Background

Coronavirus Disease 2019 (COVID-19) is the greatest public health challenge in over a century. Basic questions about its prevention, diagnosis, treatment and prognosis remain unanswered, hindering evidence-based clinical decision-making. This gap is particularly noticeable in Emergency Departments (ED) where the sickest patients present for early assessment and care.

EDs have experienced a surge of patients presenting with flu-like symptoms, most of whom ultimately test negative for COVID-19. In the absence of validated clinical decision rules allowing emergency physicians and nurses to reliably predict who is at high risk, all patients require isolation, and all healthcare personnel must use personal protective equipment, exacerbating national shortages.

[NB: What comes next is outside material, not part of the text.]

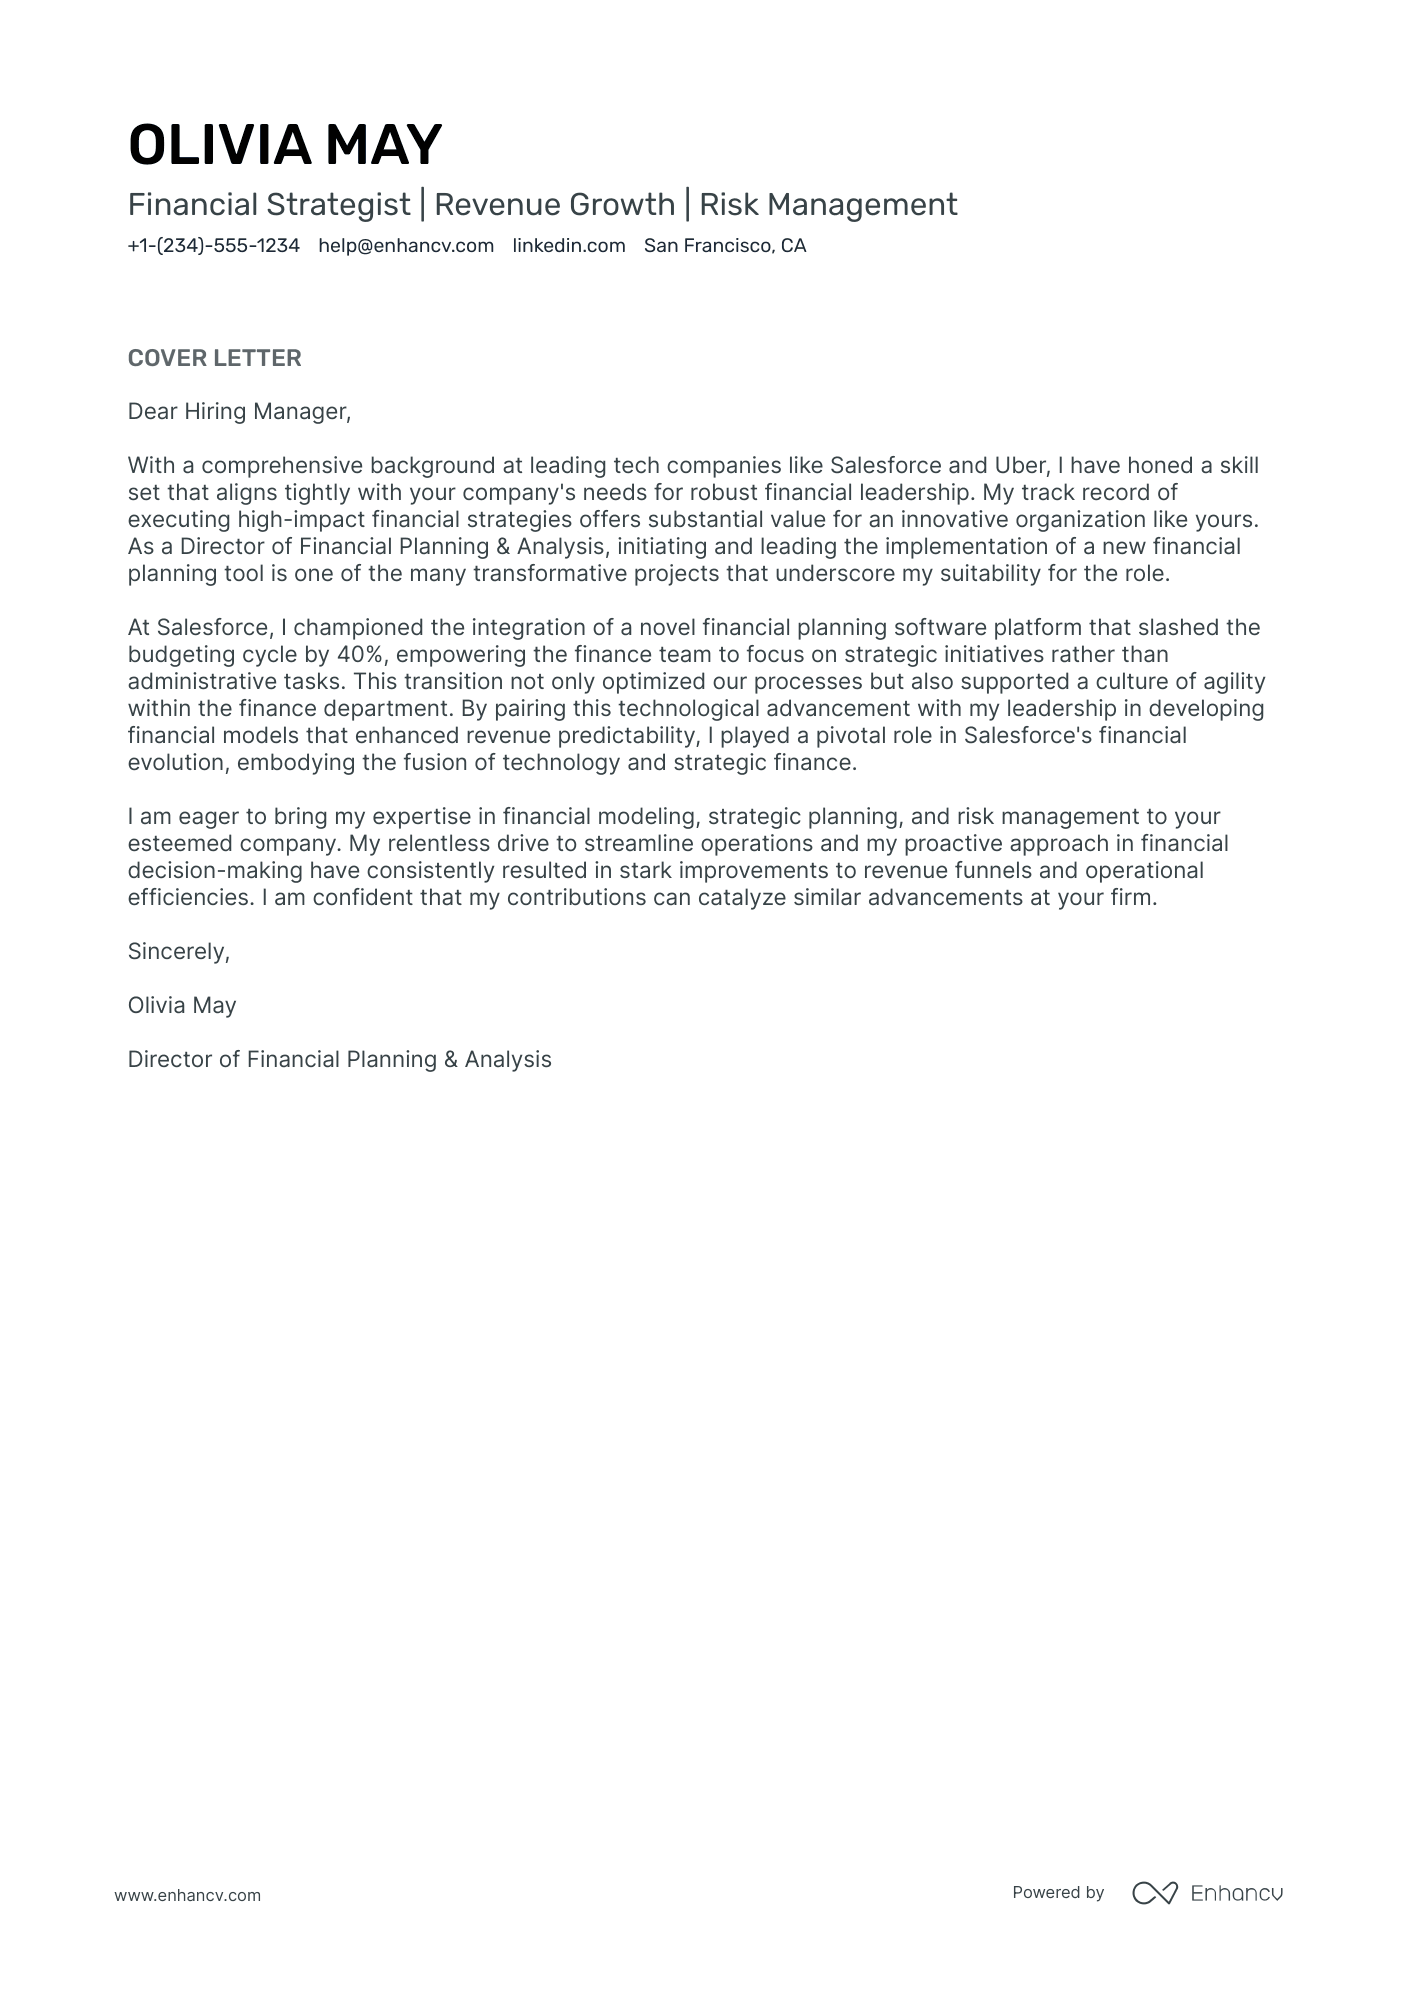 VP of Finance cover letter

Based on US experience, most patients can ultimately be discharged from the ED with fewer than 30% requiring hospitalization. Unfortunately, physicians and nurses lack evidence-based criteria to guide ED discharge decisions. This decision is particularly difficult for vulnerable patients such as the homeless, or those suffering from mental health or substance use disorders who may not be able to self-monitor or self-isolate.

This challenge was highlighted in an outbreak in a BC correctional facility in which Indigenous inmates were disproportionately affected. Without evidence-based criteria, we risk making discharge decisions that put patients and their surrounding communities at risk.

There are also no evidence-based tools to identify patients who would not benefit from intubation and mechanical ventilation. This decision has a profound impact on resource utilization, as patients with COVID-19 often require prolonged ventilator support, and impact critical care capacity.

To address these knowledge gaps, we have developed a 51-site, pan-Canadian network that will allow us to rapidly accrue a sufficiently large dataset to develop, test and implement clinical decision rules for COVID-19 ED patients within one year.

There are currently no ED-based observational studies or registries listed on clinicaltrials.gov or the WHO COVID-19 research database that have the aims or capacity to generate risk prediction tools to address these evidence gaps.

This project is also unique in its ability to to link to large national administrative and public health databases, and collect follow-up data on patient-oriented outcomes including self-isolation and quality of life. We are ideally poised to ensure rapid integration of our findings into clinical practice through social media and medical education podcasts.